I realized that I was going to die, and in fact I thought I had about a year left. I remember buying things like razors, shampoo, etc, in bulk from Amazon and thinking that I probably was going to die before I used all the supplies.
One difference is that I post up a storm here, and in fact the Feb 16 thread is a virtual diary of my recovery. Sometimes I go back and read my posts...it's a mixture of sadness, humor, irony, hopefulness.
SR and recovery has been the most amazing event I've gone through. I have taken it extremely seriously and I think that's why it's worked for Bigfish, me, and countless others. SR does work, but you can't play around with addiction. You have to jump into recovery with both feet.

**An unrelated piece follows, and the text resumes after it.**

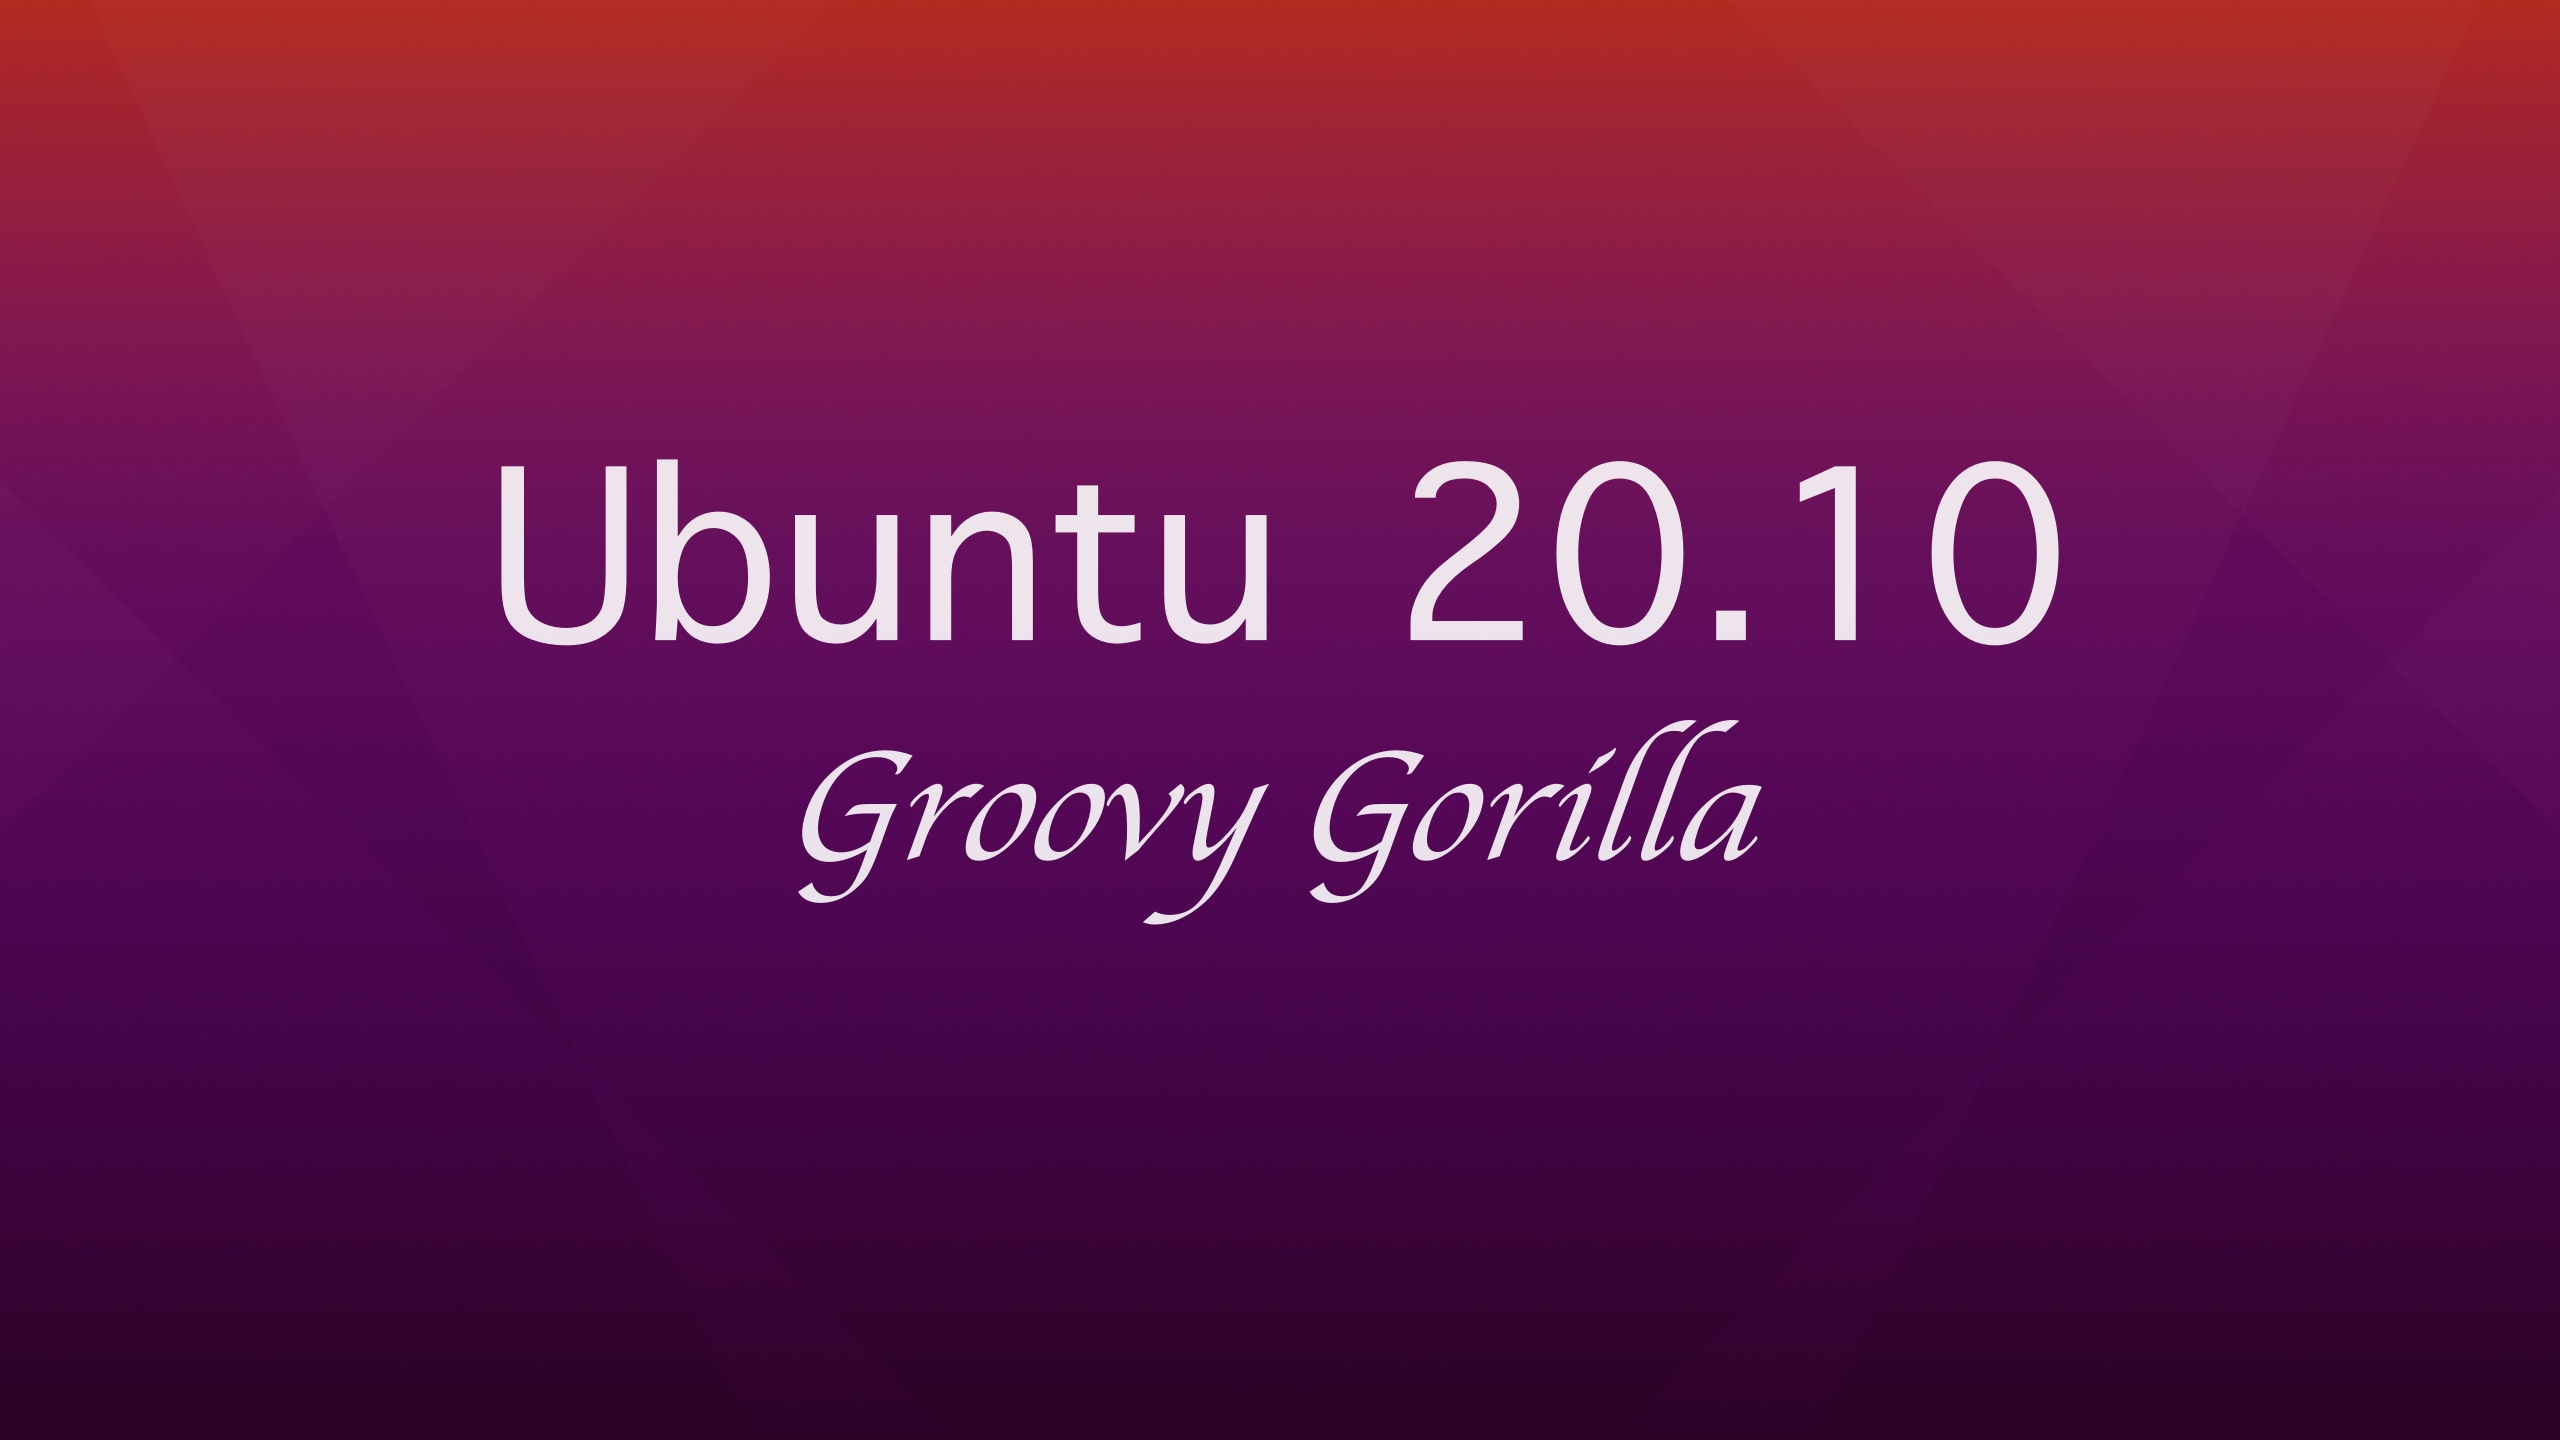 Groovy Gorilla Ubuntu 20 Wallpapers

I realized that I was going to die, and in fact I thought I had about a year left. I remember buying things like razors, shampoo, etc, in bulk from Amazon and thinking that I probably was going to die before I used all the supplies.
One difference is that I post up a storm here, and in fact the Feb 16 thread is a virtual diary of my recovery. Sometimes I go back and read my posts...it's a mixture of sadness, humor, irony, hopefulness.
SR and recovery has been the most amazing event I've gone through. I have taken it extremely seriously and I think that's why it's worked for Bigfish, me, and countless others. SR does work, but you can't play around with addiction. You have to jump into recovery with both feet.
Mike 2 years!! Congrats. I can't think of a more supportive loving place to be than SR. 24/7 ...
Wait..is Mike and BigFish one in the same? Otherwise...congrats BigFish. I never know what is going on ....even sober!!!!
Wait..is Mike and BigFish one in the same? Otherwise...congrats BigFish. I never know what is going on ....even sober!!!!